» Information shown:
- - - -

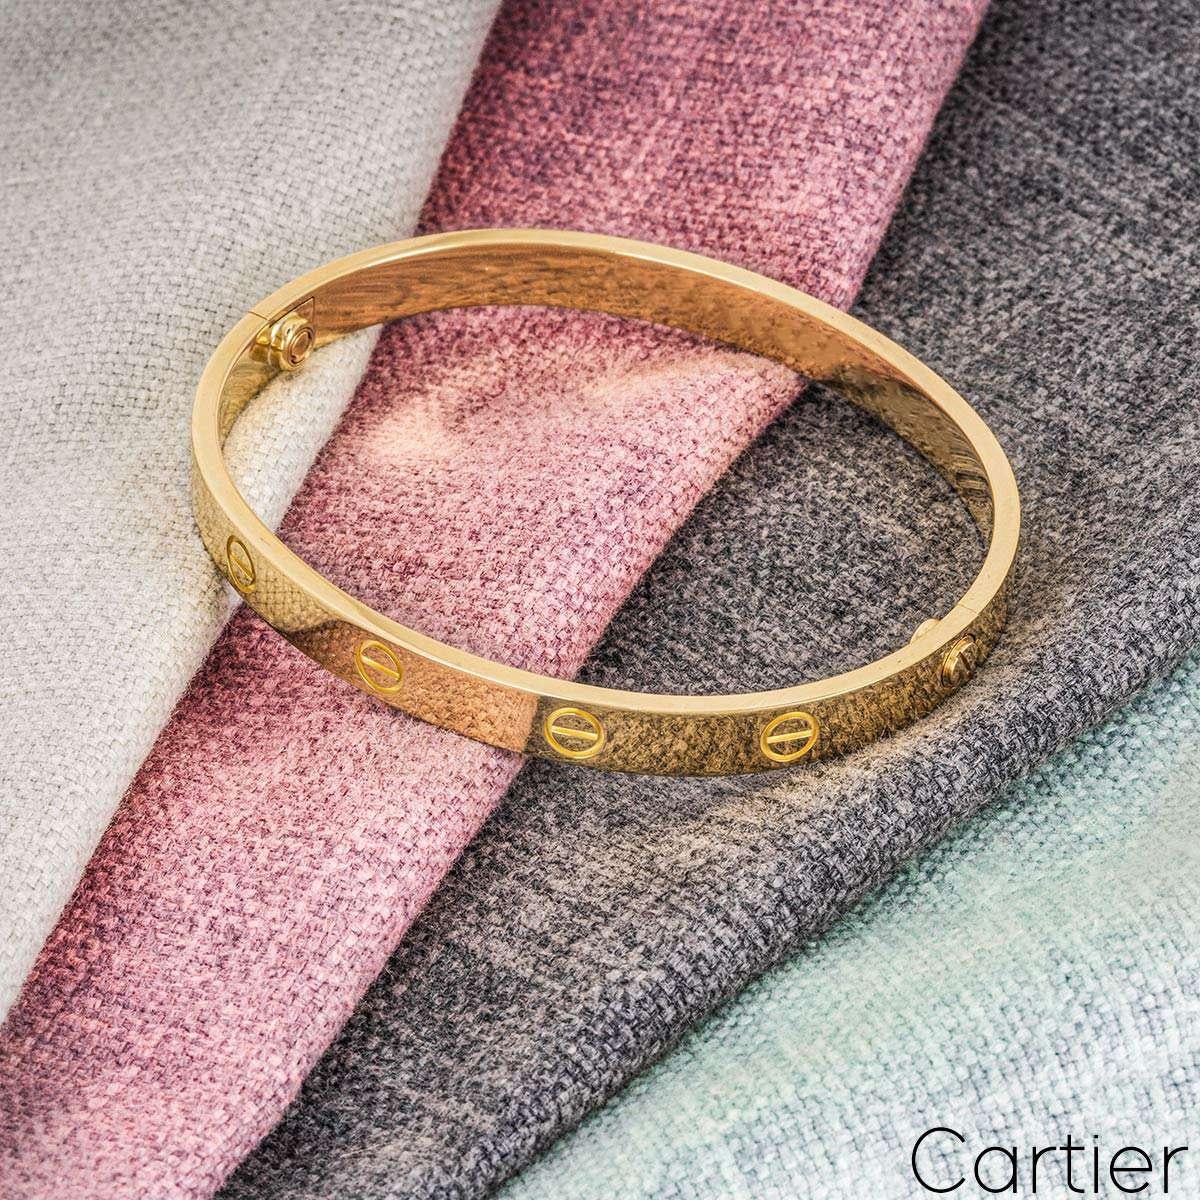 cartier bracelet sizes
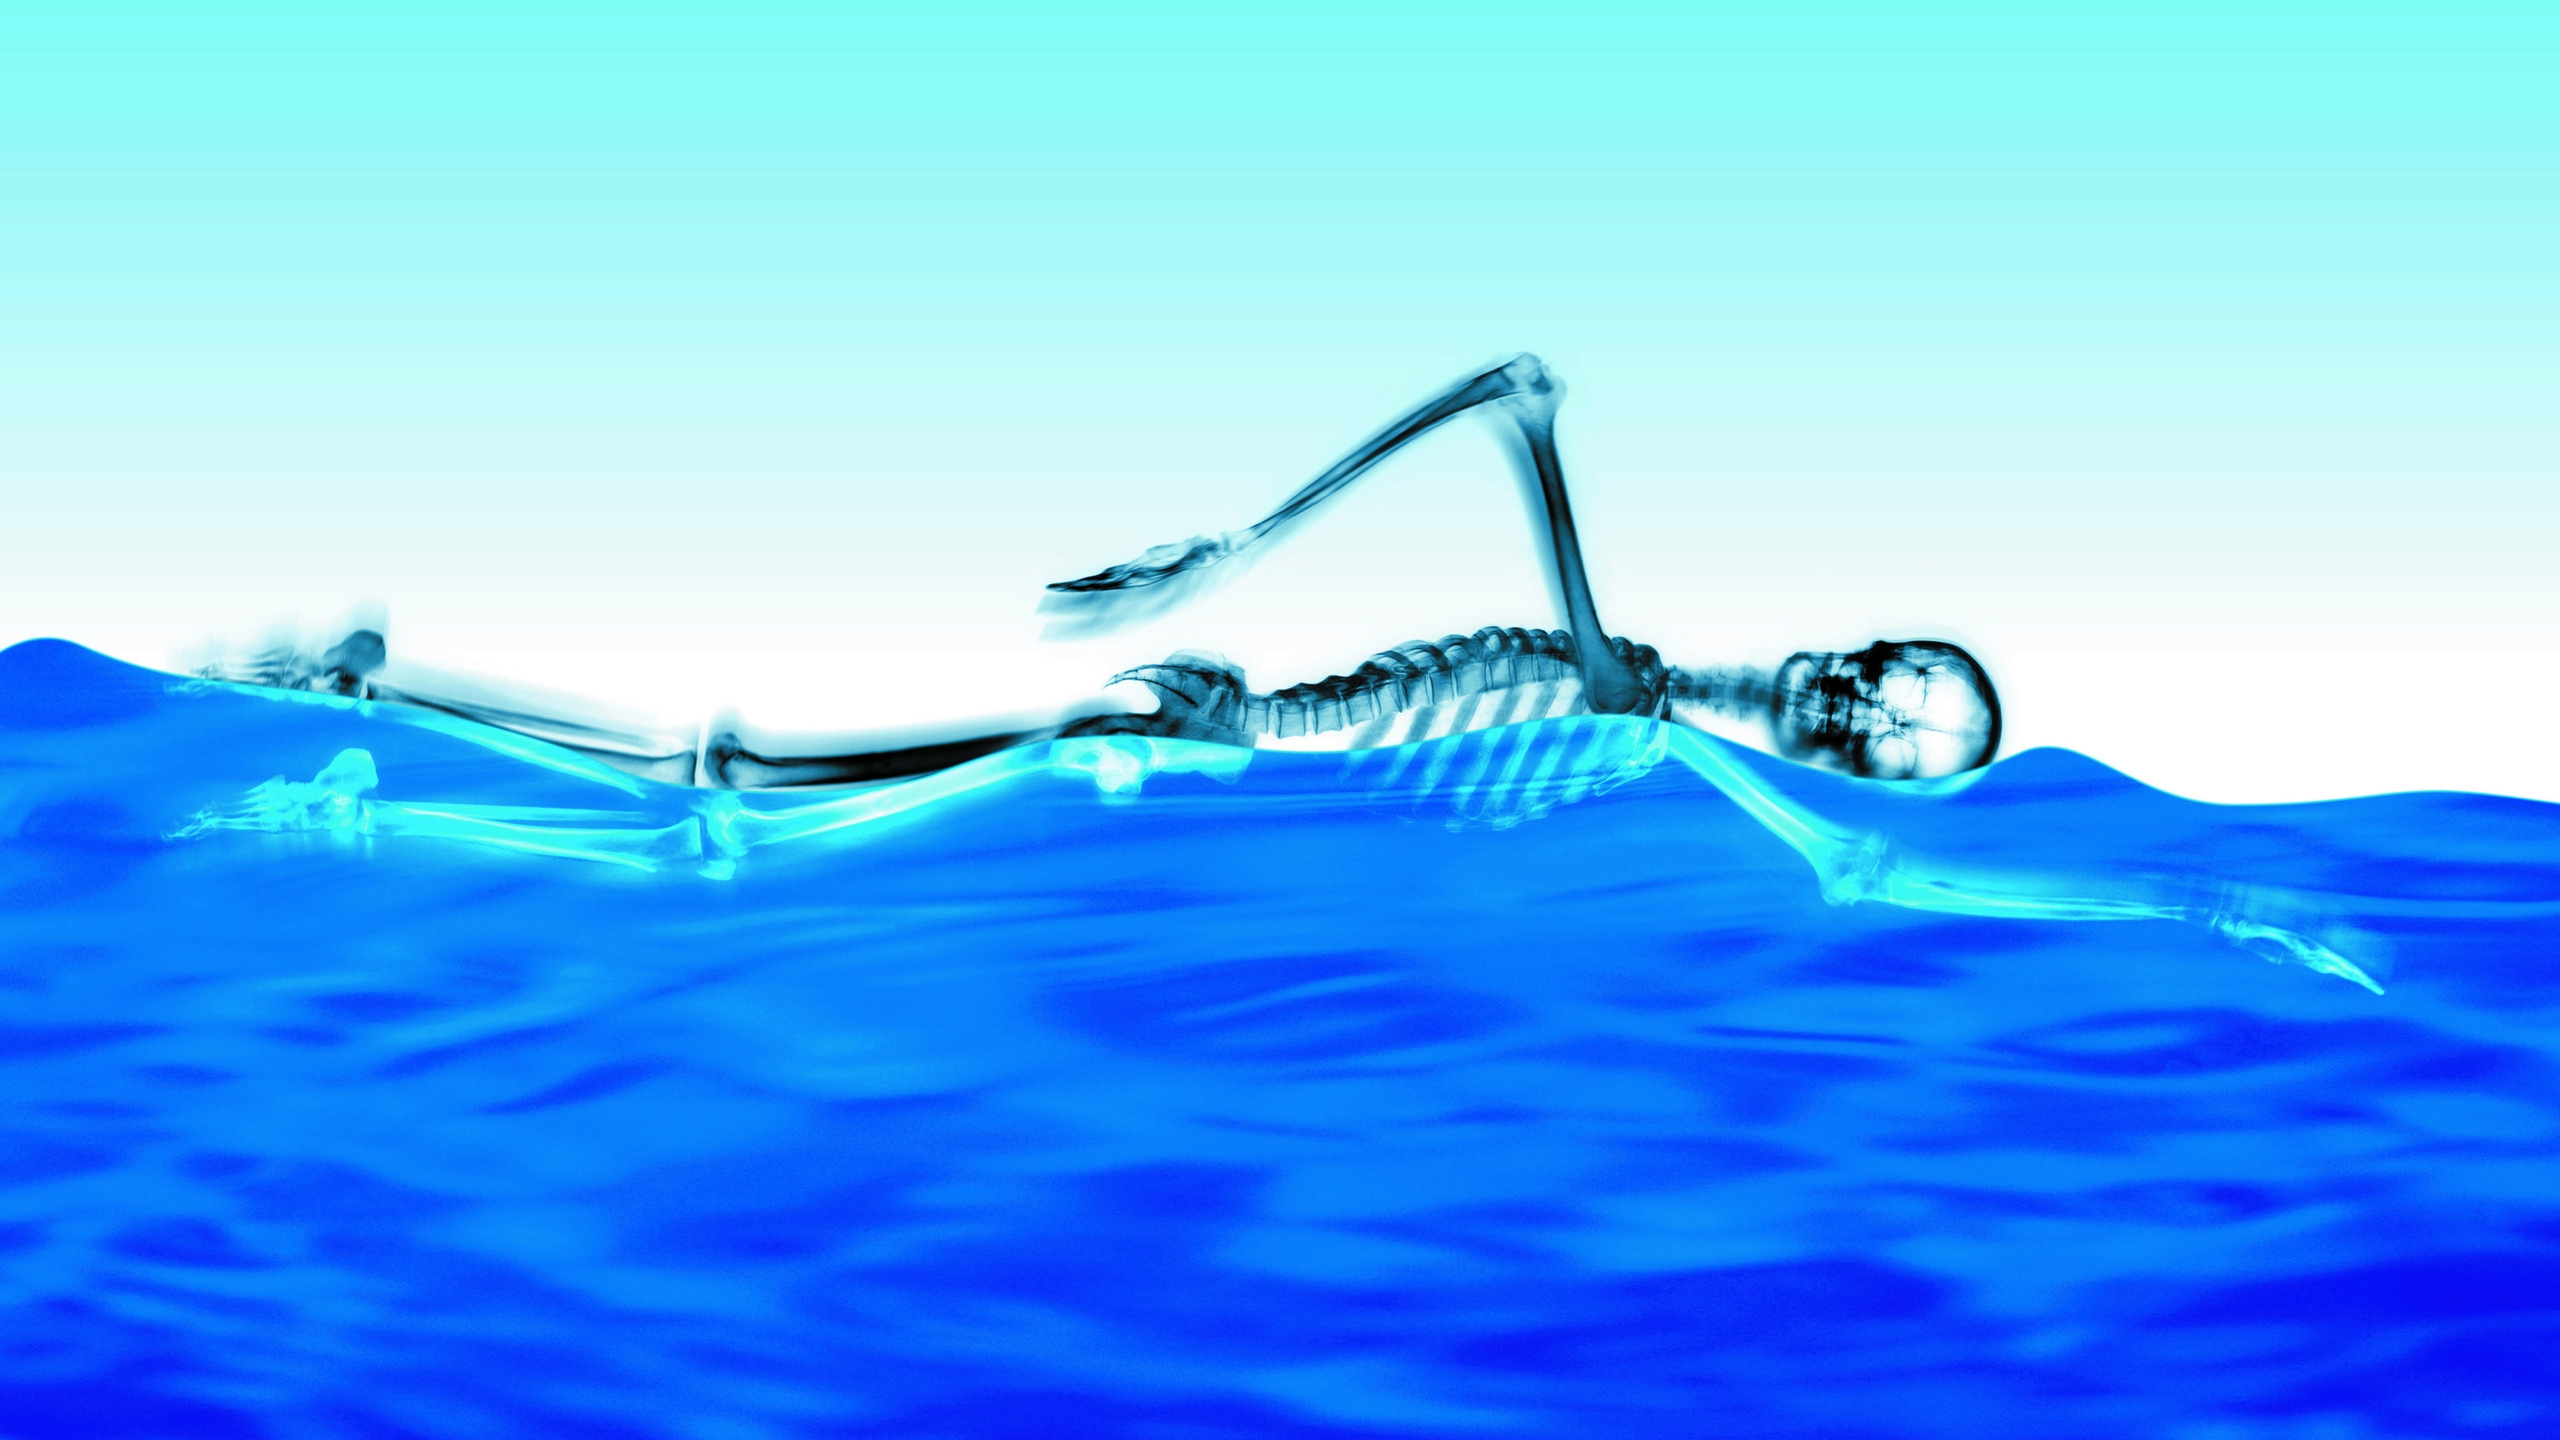 Swimming Skeleton for 2560x1440 HDTV resolution
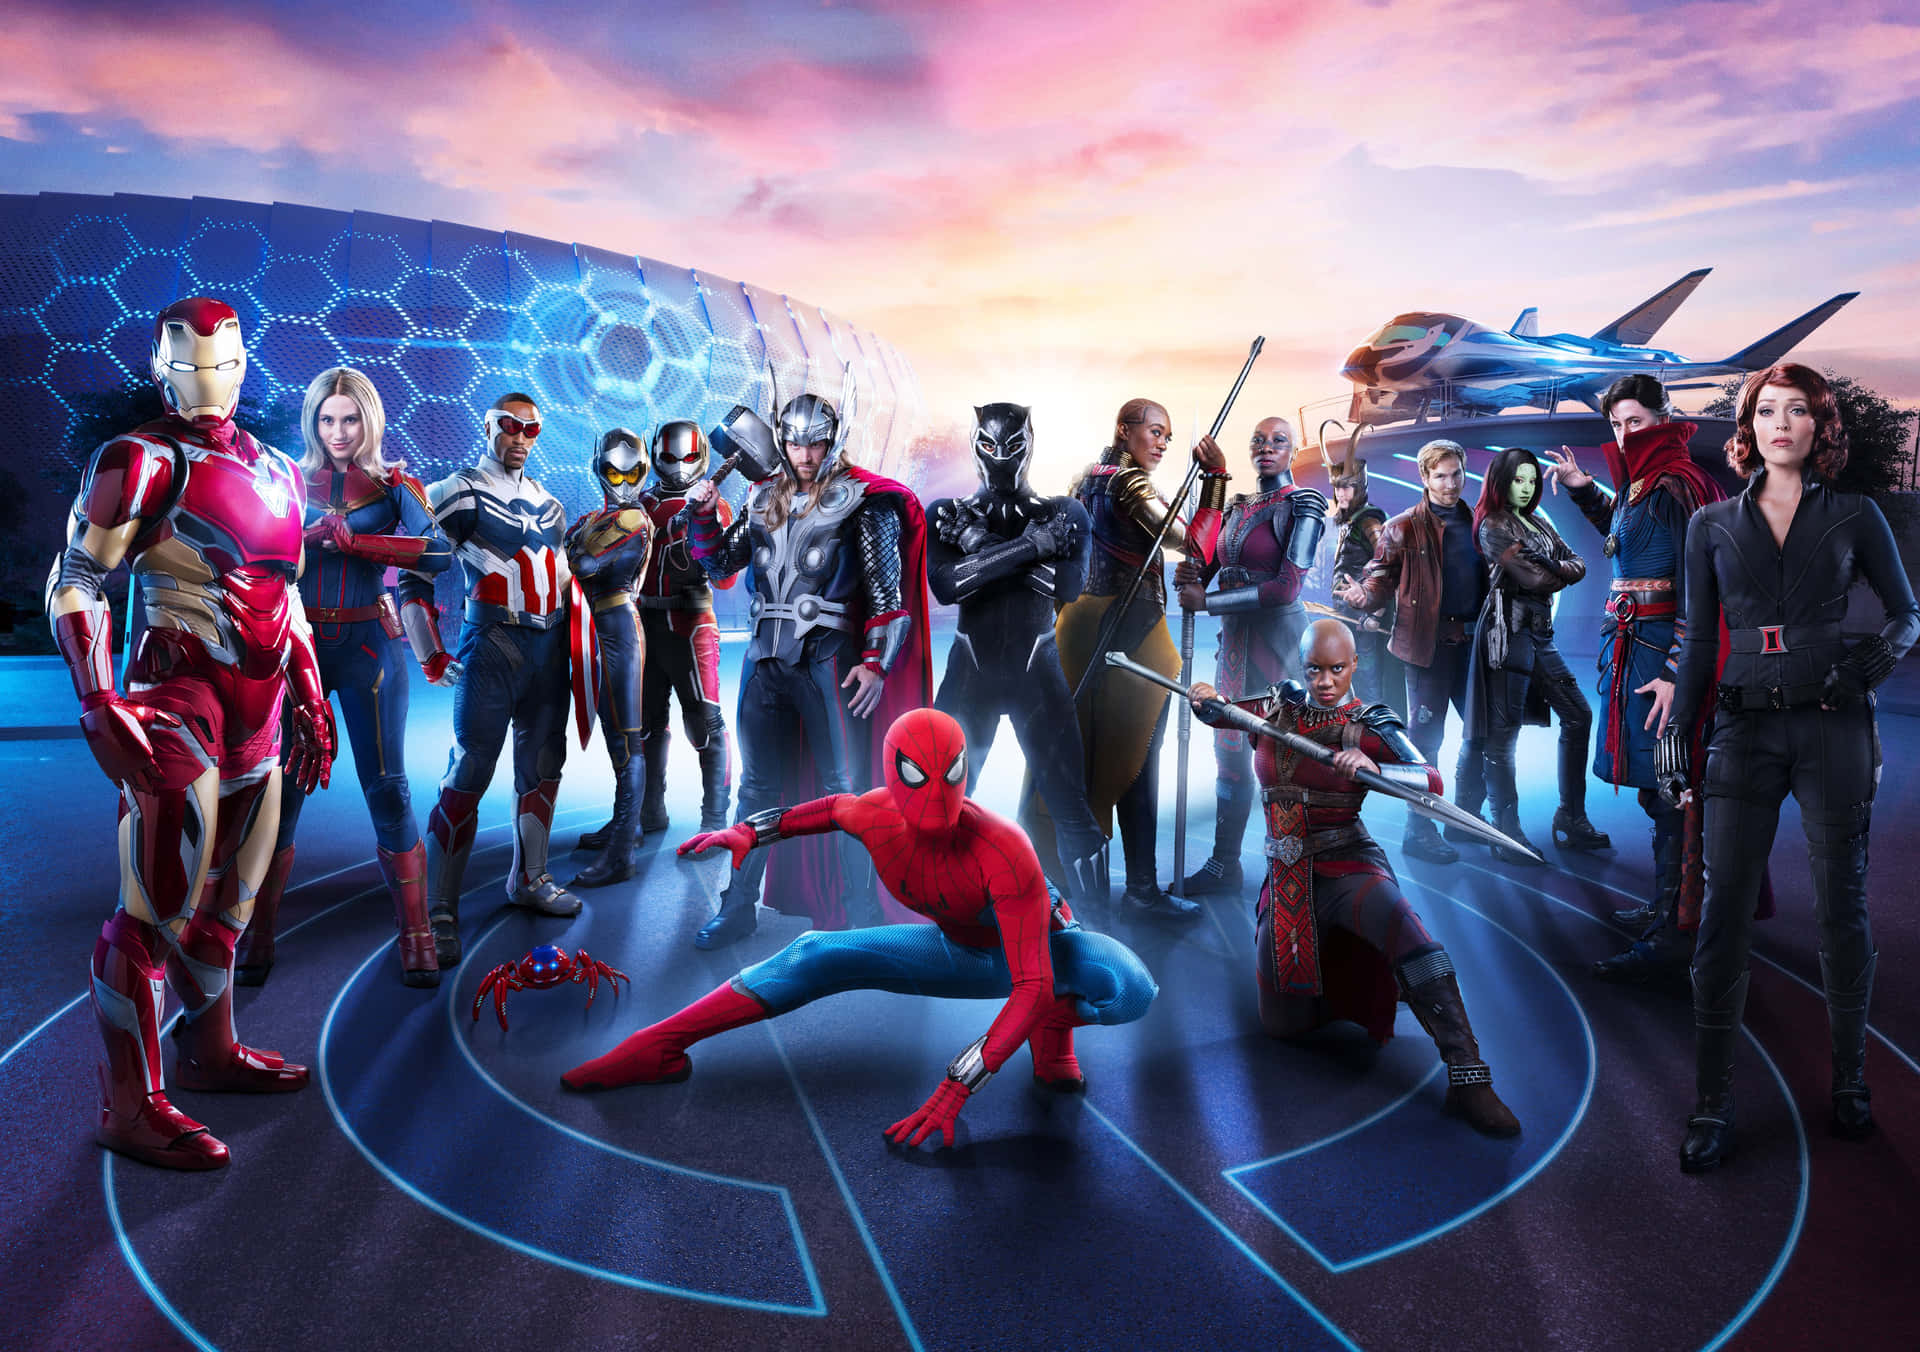 Super Team stands together against all odds! Wallpaper

- - - -

» Work request: Leave every picture out and copy precisely the lines from the one containing "Swimming Skeleton for" through the last line of the data above, both ends included.

» Result for this task:
 Swimming Skeleton for 2560x1440 HDTV resolution
 Super Team stands together against all odds! Wallpaper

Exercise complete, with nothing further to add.